#### Assignment:
Look through the records below for the line with "Truffles with a Red Rose by ildi" and the line with "A&L FURNITURE CO.", then return those lines and all lines between, exactly.

#### Dataset records:
===
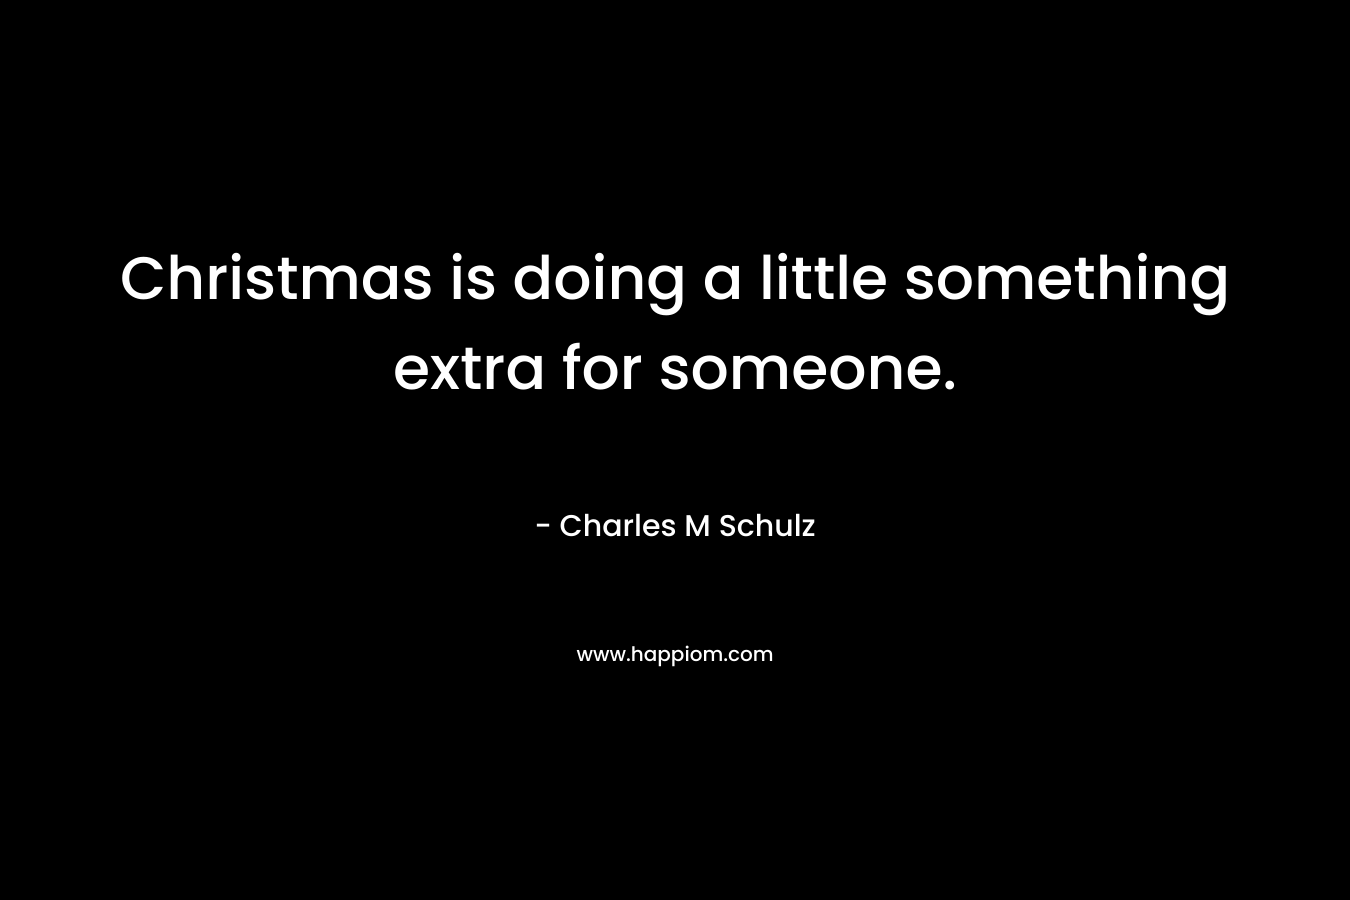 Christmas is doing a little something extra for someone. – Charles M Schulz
===
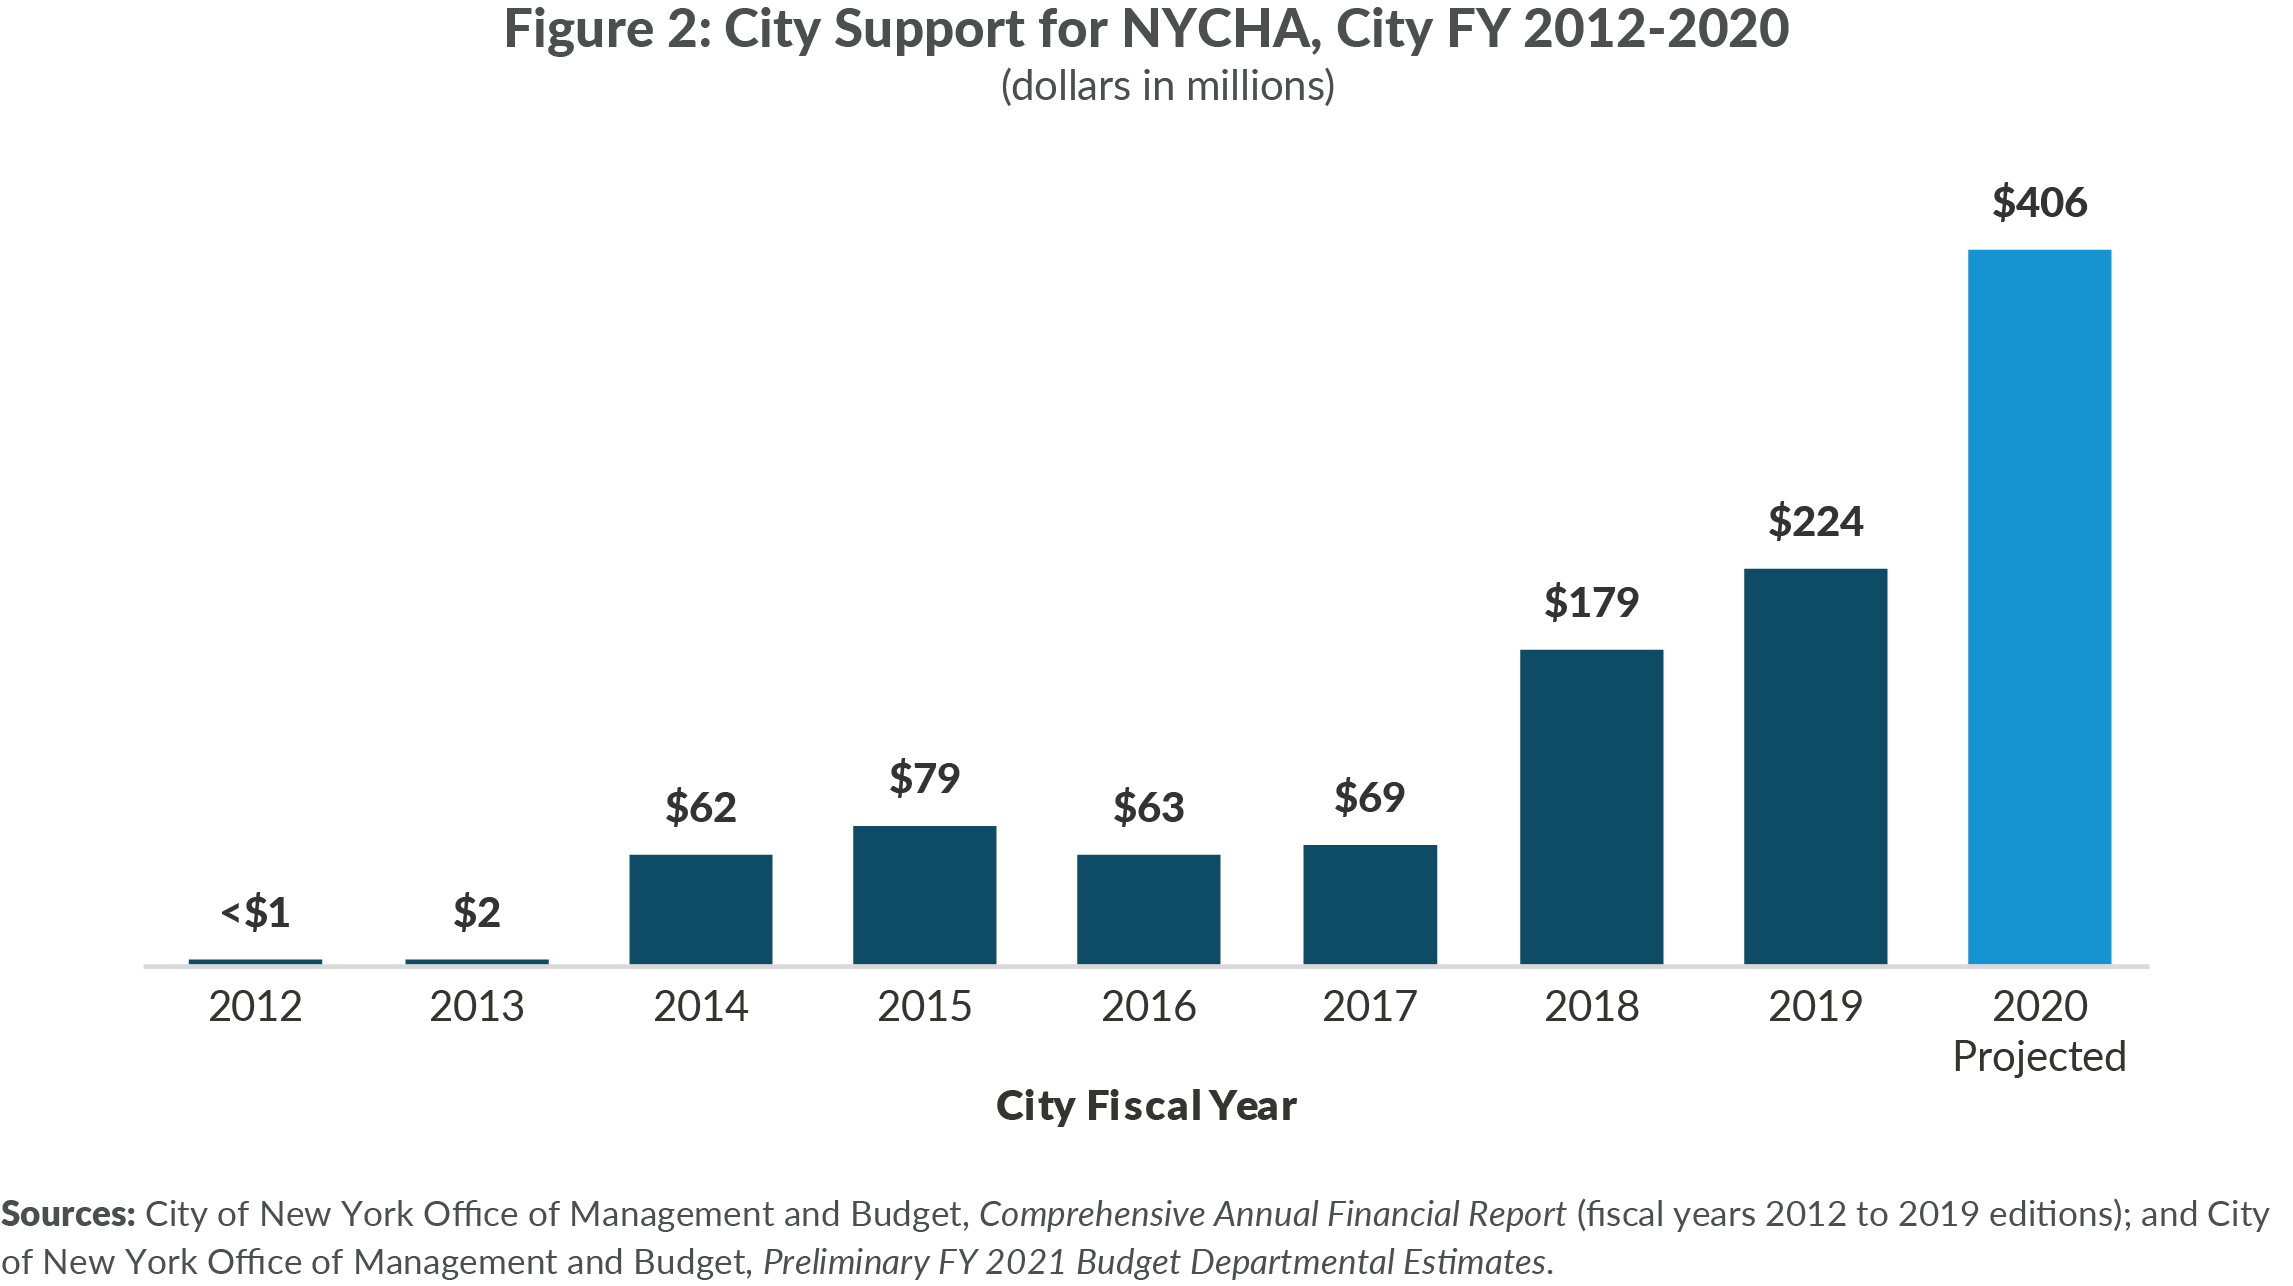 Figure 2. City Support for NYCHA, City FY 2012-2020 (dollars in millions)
===
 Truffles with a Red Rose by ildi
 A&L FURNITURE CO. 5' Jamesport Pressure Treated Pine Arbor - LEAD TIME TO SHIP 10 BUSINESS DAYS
===
#### Solution:
 Truffles with a Red Rose by ildi
 A&L FURNITURE CO. 5' Jamesport Pressure Treated Pine Arbor - LEAD TIME TO SHIP 10 BUSINESS DAYS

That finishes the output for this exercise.